Qrvey’s Join Lake Optimization (JLO) resolves these issues. It is a process that can be run as needed to restore sync performance for a Dataset. It performs the following actions for each data source of a Dataset:
- Runs Athena queries that copy the data from the current data lake containing many small files into a new lake.
- The lake’s updated files will be larger, but there will be fewer of them.
- The queries do not copy outdated records.
- Removes old lake files.
JLO benefits Datasets with records that are frequently updated. In addition, JLO improves the performance of data syncs in the following situations:
- Frequent data syncs (1,000+) with a small number of records.

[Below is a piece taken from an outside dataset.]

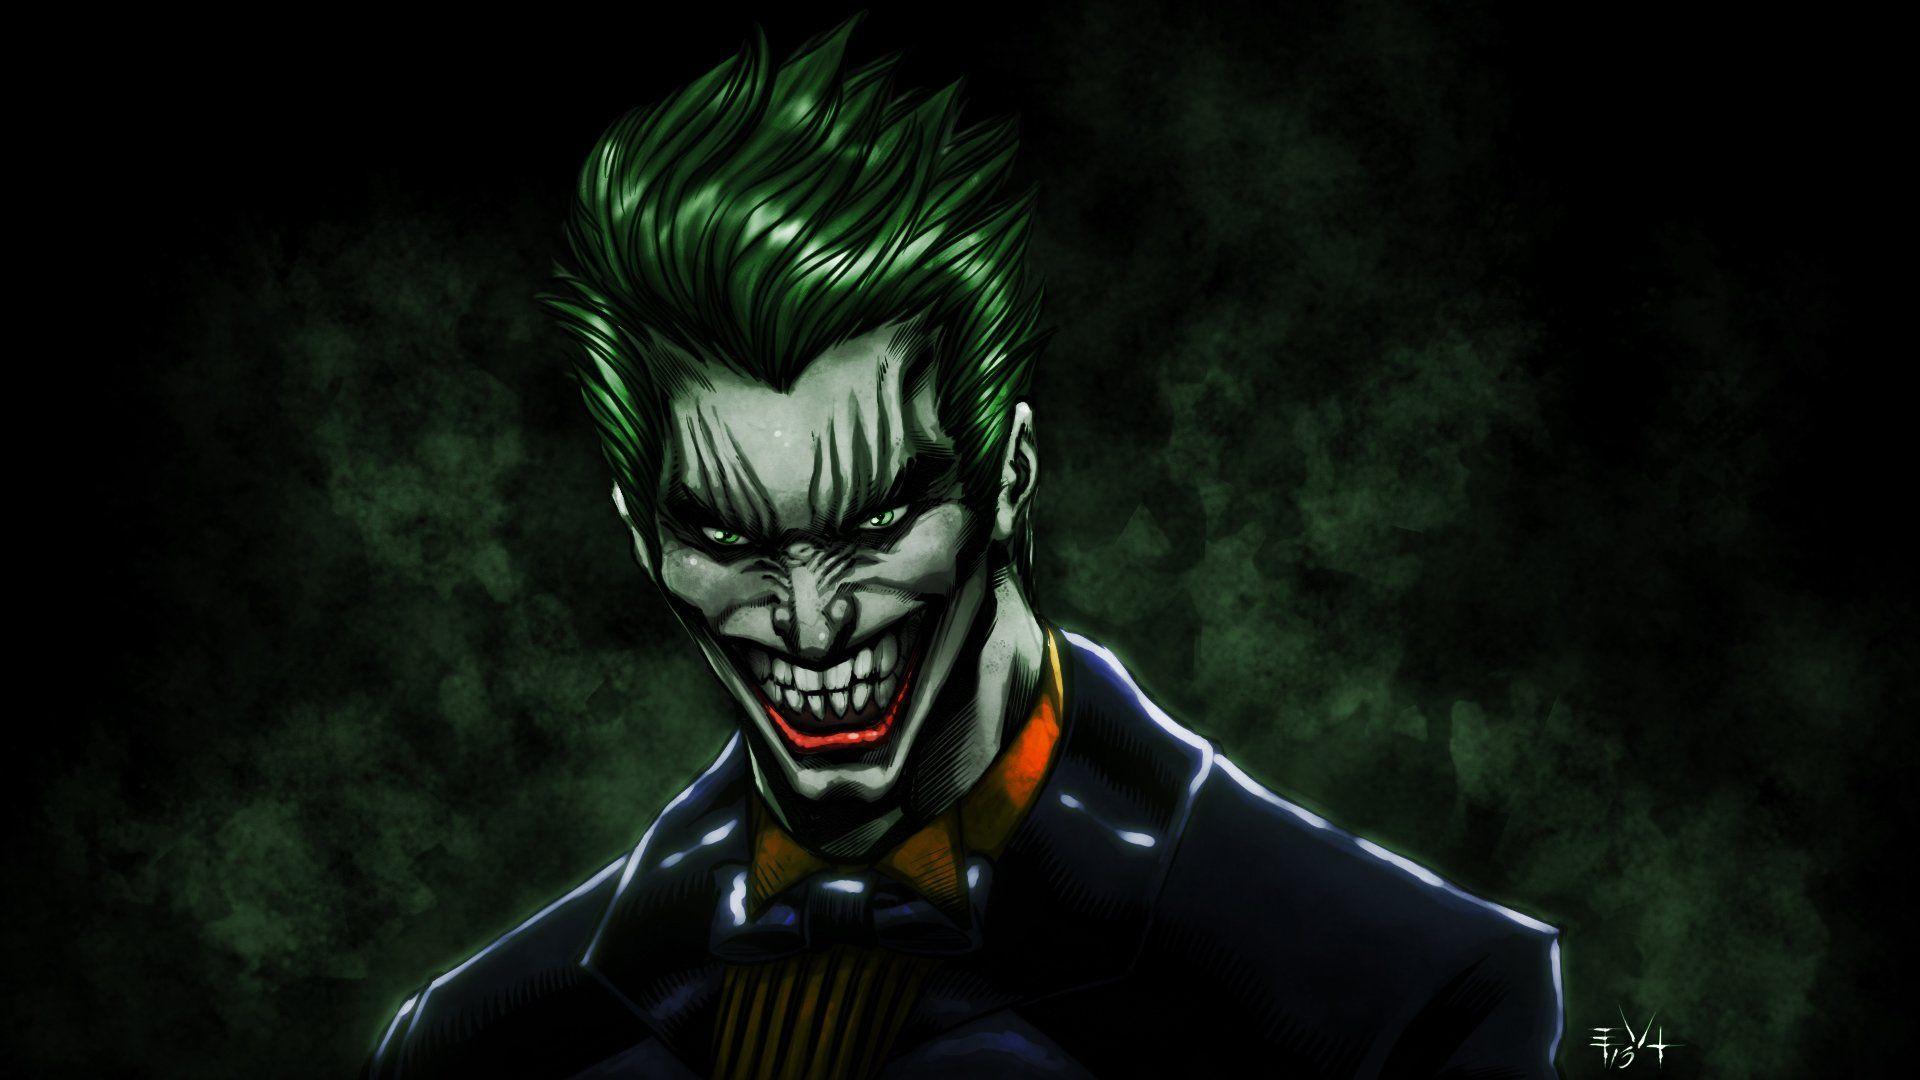 Download Gambar Joker Wallpaper Hd Animated terbaru 2020

- Data syncs with a large number of records (1,000+).
- The performance of data sync joins has degraded.
Running Join Lake Optimization
During optimization, data sync jobs are suspended. They resume their regular schedules after optimization. Similarly, optimization is prevented during a data load job.
Run JLO for a Dataset by submitting a request to a Qrvey AWS Lambda function.
Function Name:
xxxxx_dataload_drJoinQuery (xxxxx represents the Qrvey deployment ID.)
Event JSON:
{
"operation": "executeJoinLakeOptimization",
"datasetId": "myDatasetId",
}
JLO may be launched programmatically with the AWS Lambda client API or interactively with the AWS Lambda console’s Test feature.
Scheduling Join Lake Optimization
Datasets at risk of degraded performance should be optimized on a regular basis. Regular execution ensures better performance, lower cost, and greater reliability. AWS EventBridge Rules provides a convenient mechanism. Follow these steps to create a schedule for each Dataset:
- From the AWS console, open EventBridge Rules.
- Click Create Rule.
- Enter a name.
- Select Recurring Schedule.
- Enter either a Cron or Rate-based schedule.
- Specify that the event should trigger a Lambda function.
- Select the Lambda name:
xxxxx_dataload_drJoinQuery
- Specify the JSON payload:
{
"operation": "executeJoinLakeOptimization",
"datasetId": "myDatasetId",
}
- Save the schedule.